KOFM
- Enid, Oklahoma; United States;
- Broadcast area: Enid, Oklahoma
- Frequency: 103.1 MHz (HD Radio)
- Branding: 103.1 KOFM

Programming
- Format: Country
- Subchannels: HD2: Classic hits "The Jet"; HD4: Talk radio (KGWA simulcast);
- Affiliations: Compass Media Networks

Ownership
- Owner: Williams Broadcasting LLC
- Sister stations: KGWA

History
- First air date: 1982
- Former call signs: KUAL (1981–1986)
- Call sign meaning: Oklahoma FM

Technical information
- Licensing authority: FCC
- Facility ID: 25889
- Class: C3
- ERP: 25,000 watts
- HAAT: 91 meters (299 ft)

Links
- Public license information: Public file; LMS;
- Webcast: Listen live; HD2: Listen live;
- Website: kofm.com; HD2: www.thejet1031.com;

= KOFM (FM) =

Radio station in Enid, Oklahoma

KOFM (103.1 MHz) is an FM radio station based in Enid, Oklahoma, United States. The station goes under the moniker "My Country 1031" KOFM. KOFM broadcasts using HD Radio technology and has classic hits under "The Jet" branding on its HD2 subchannel and retransmits sister station KGWA on its HD4 subchannel.

==History==
The heritage KOFM call letters were on an Oklahoma City Top 40 station on 104.1. KOFM dropped its format in 1986 to become AC "Magic 104" KMGL. The owners of Enid station KUAL (for "Quality Radio") saw a local opportunity for a better call sign, and switched their station from beautiful music to a top 40 format—and applied for the recently abandoned KOFM call letters. KOFM originally launched with the slogan "Maximum Music".

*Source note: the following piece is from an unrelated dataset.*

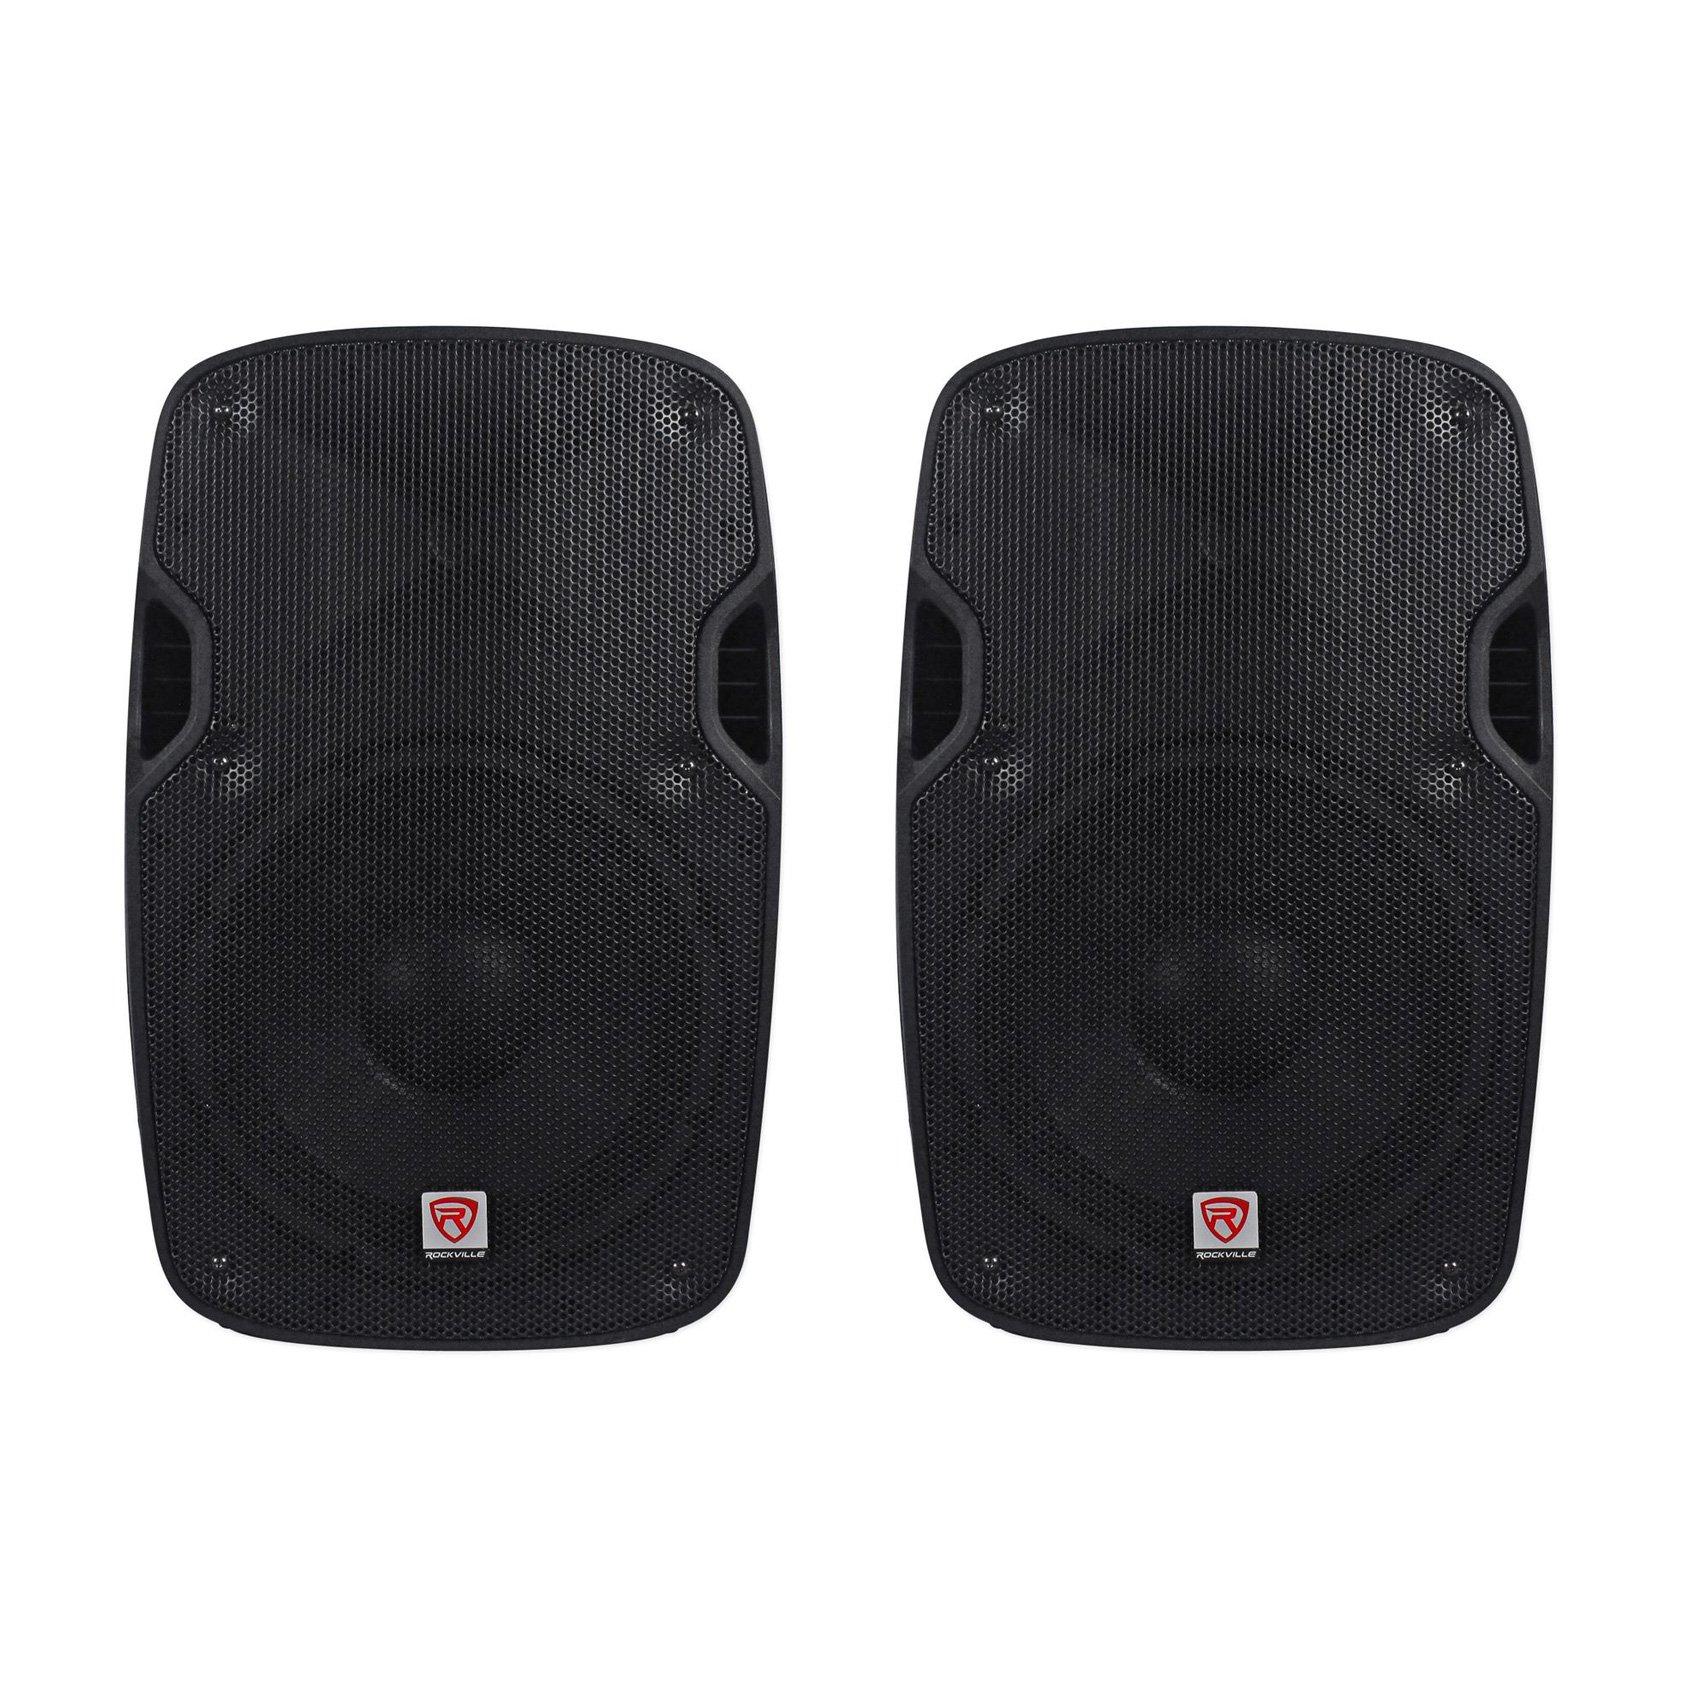 2 Rockville SPGN104 10'' Passive 800W DJ PA Speakers ABS Lightweight Cabinet 4ohm by Rockville
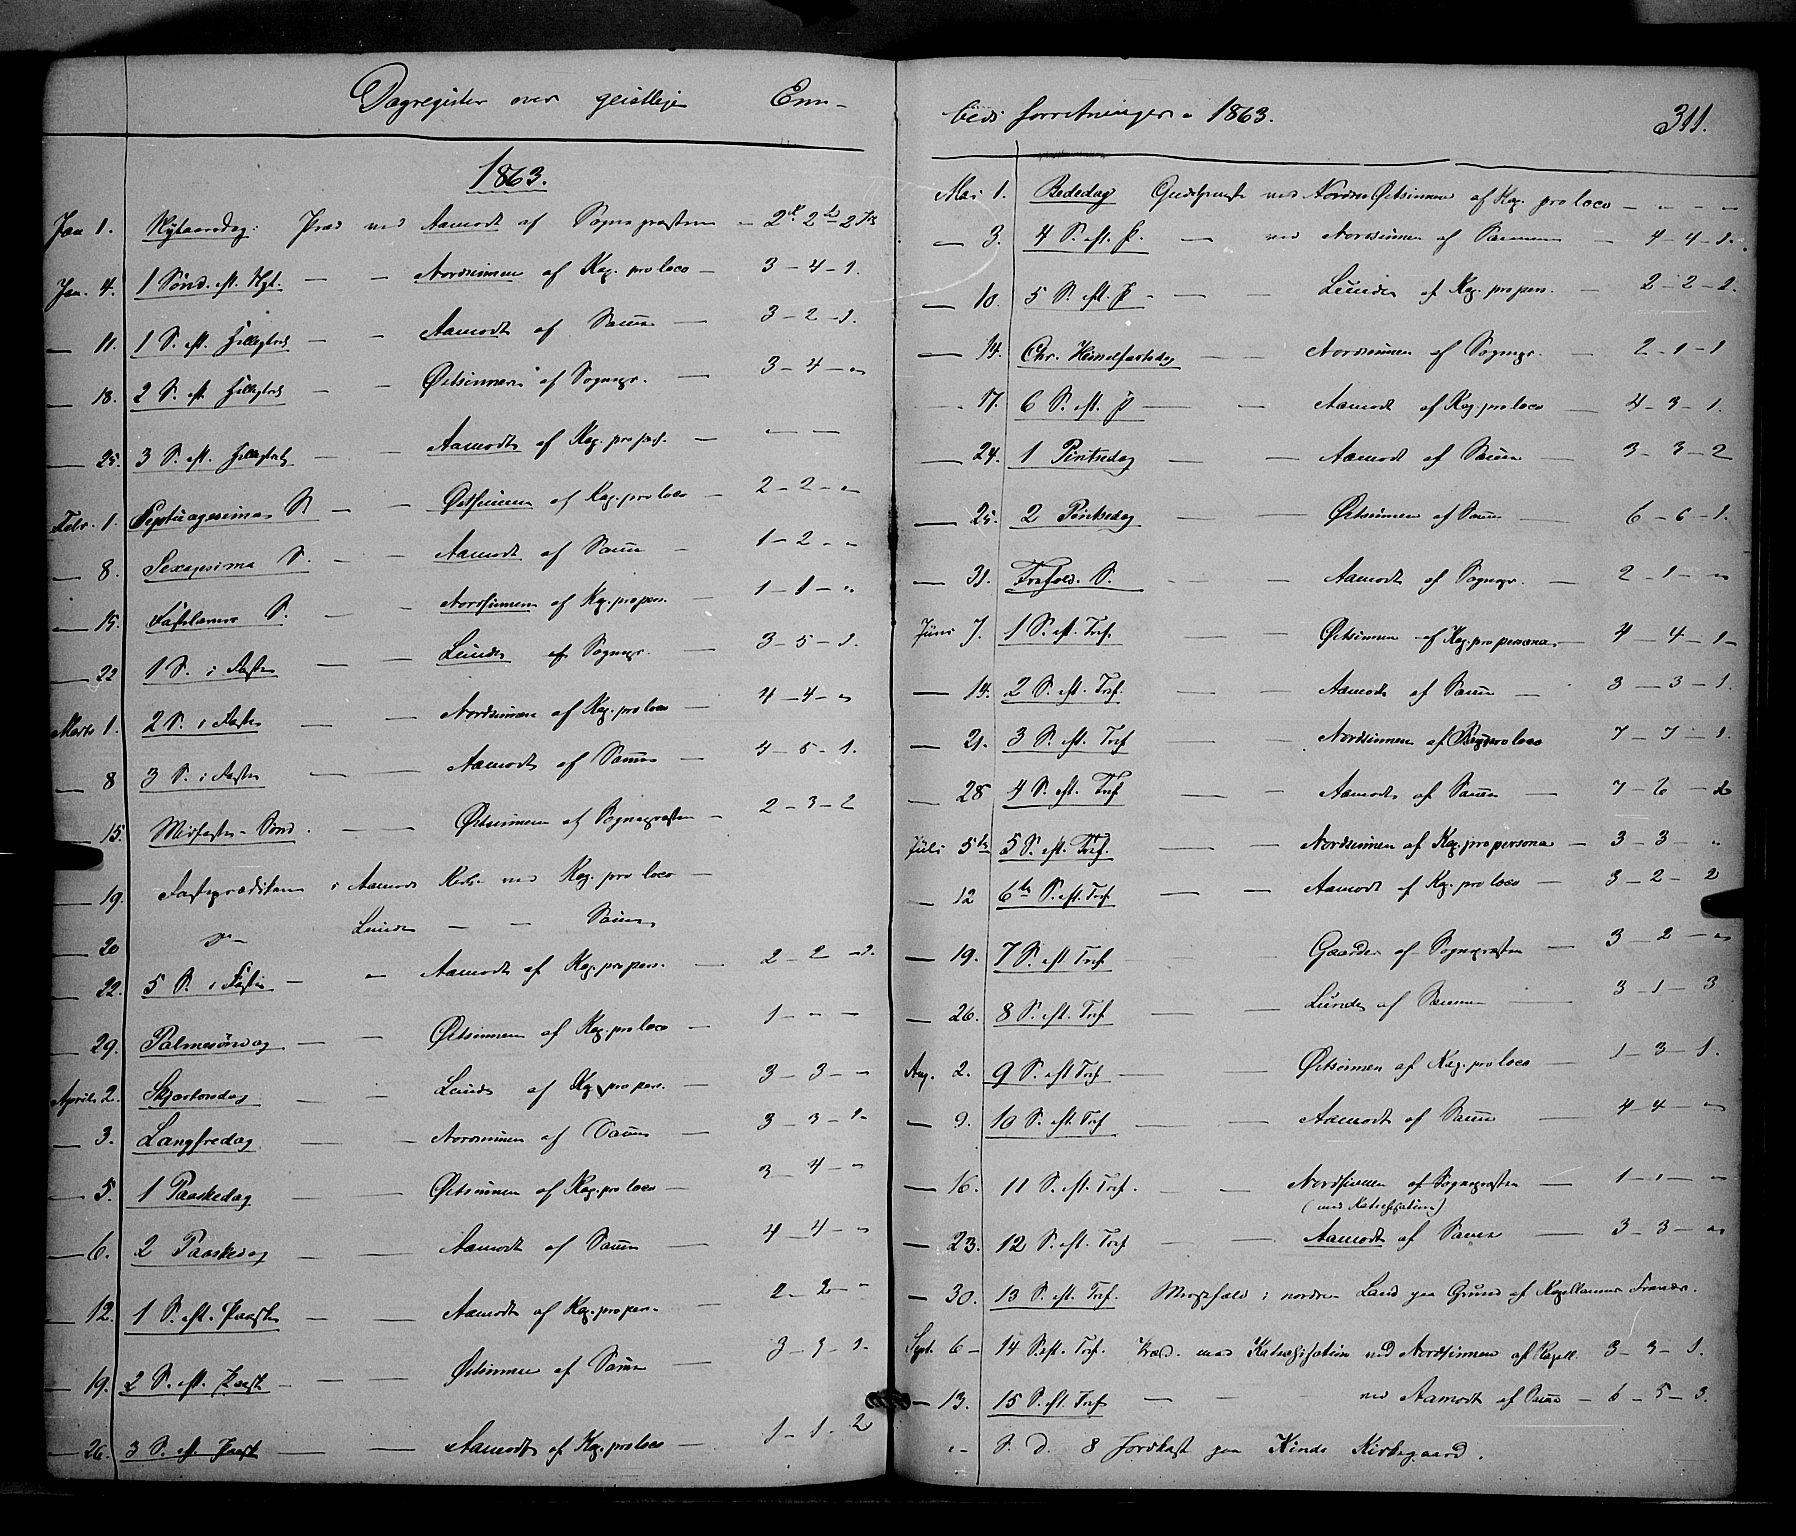 SAH, Nordre Land prestekontor, Ministerialbok nr. 1, 1860-1871, s. 311

KOFM original on-air talent was JJ Scott in mornings, Frank Baker in Afternoons, also Keith Hillyard and J. Curtis Huckleberry. Beyond those day parts, much of KOFM was automated. Airing a diverse mix of Top 40 music, KOFM became one of the most popular radio stations in NW Oklahoma and its “Maximum Music Machine” remote broadcast vehicle could be found throughout NW Oklahoma.

In 1992, KOFM switched to contemporary country, a format that remains today. It is one of two live and local radio stations along with KGWA 960 AM serving Enid and the surrounding area reaching into 14 counties. It features "My Country Mornings with Clepper and Kaylee". In recent years, KOFM has been recognized as "Station of the Year" by the Oklahoma Association of Broadcasters and a Marconi Award finalist as "Small Market Station of the Year" by the National Association of Broadcasters.